The data ▸
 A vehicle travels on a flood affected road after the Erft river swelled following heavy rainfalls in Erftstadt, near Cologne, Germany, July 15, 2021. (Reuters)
==
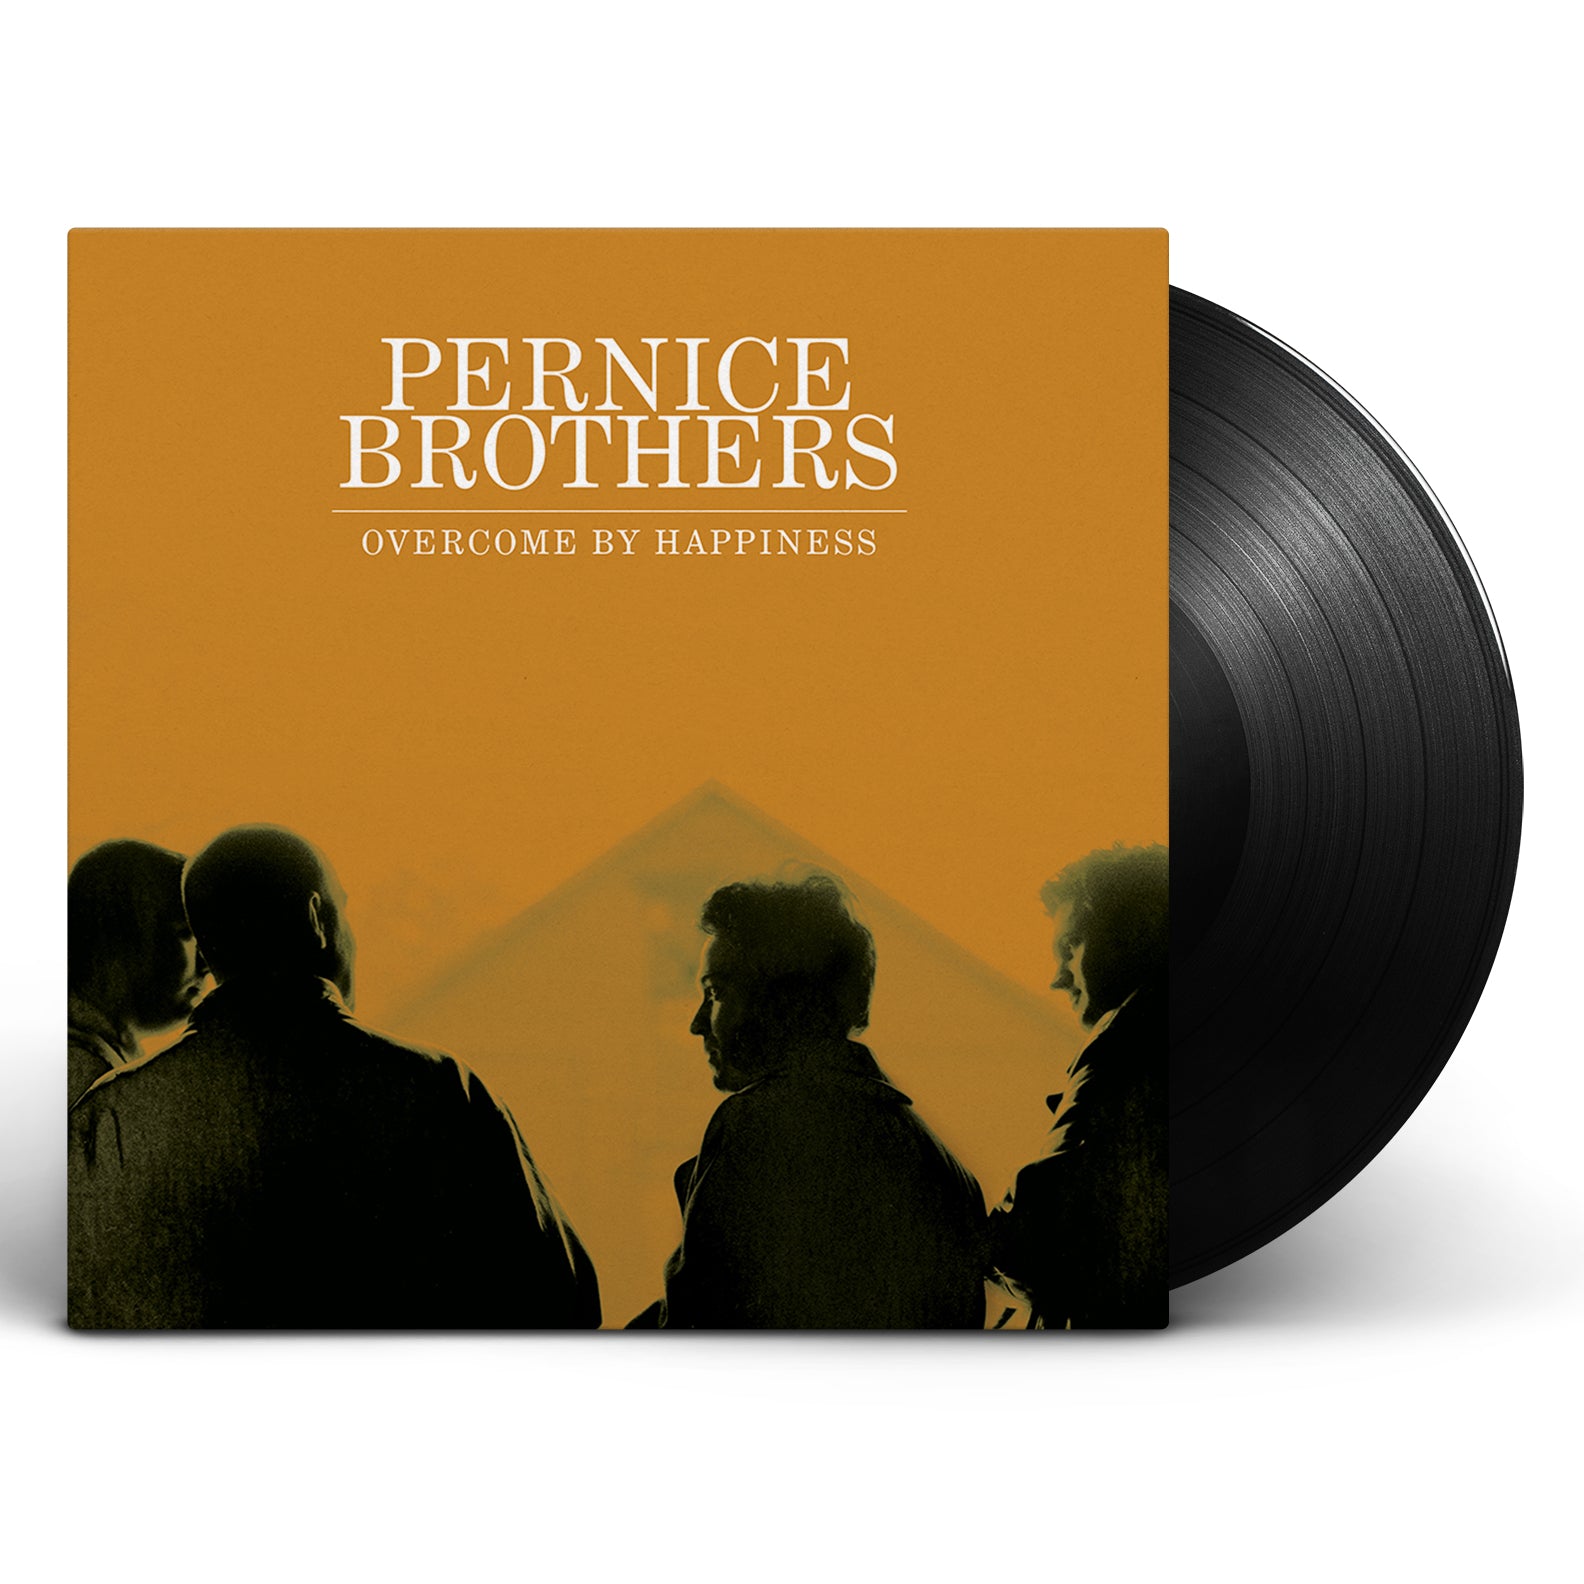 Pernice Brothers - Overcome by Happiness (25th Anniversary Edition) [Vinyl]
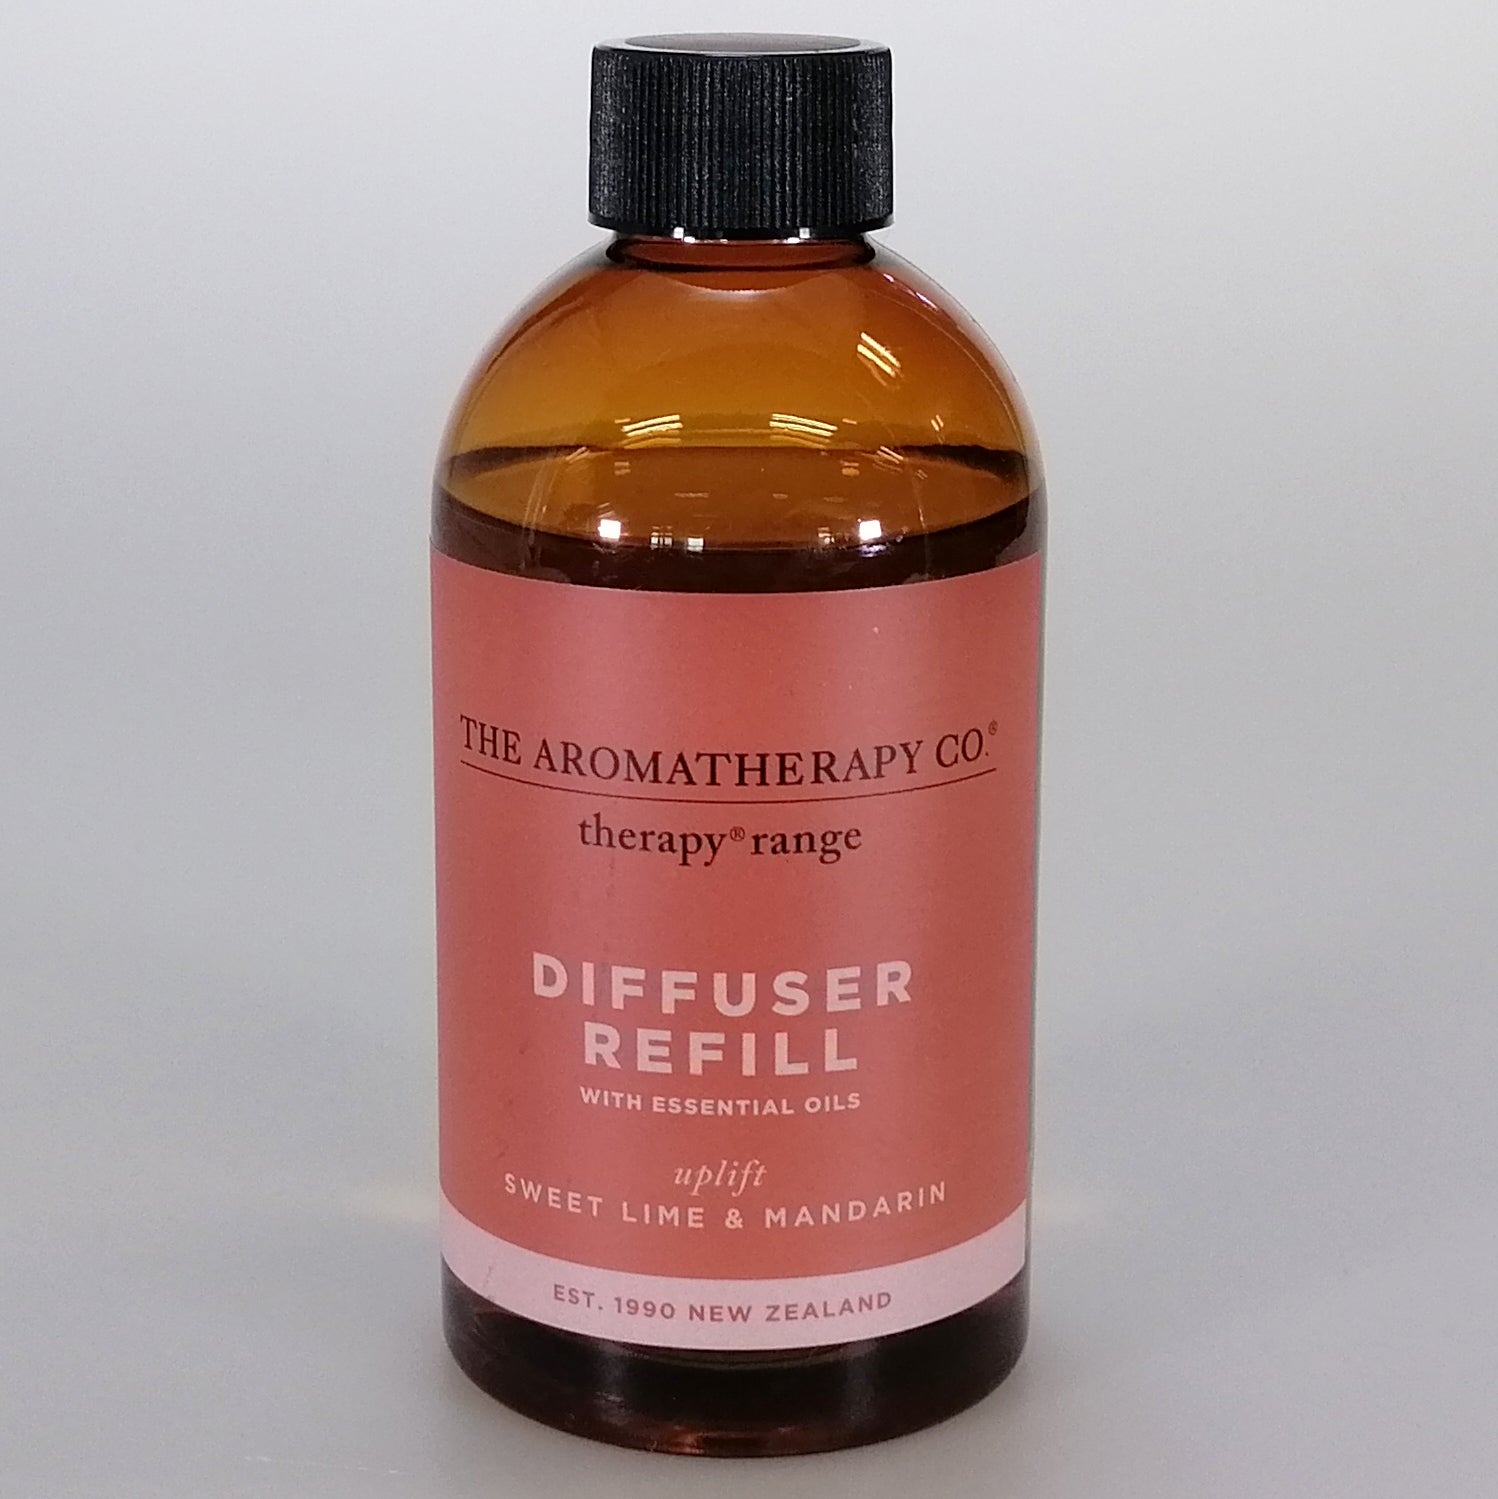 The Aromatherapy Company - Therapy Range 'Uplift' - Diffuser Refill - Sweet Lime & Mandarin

What this task involves ▸
For this exercise, please set down exactly the lines of the listing above from the line with "Pernice Brothers - Overcome" up to and including the line with "The Aromatherapy Company", and no pictures.

Expected output ▸
 Pernice Brothers - Overcome by Happiness (25th Anniversary Edition) [Vinyl]
 The Aromatherapy Company - Therapy Range 'Uplift' - Diffuser Refill - Sweet Lime & Mandarin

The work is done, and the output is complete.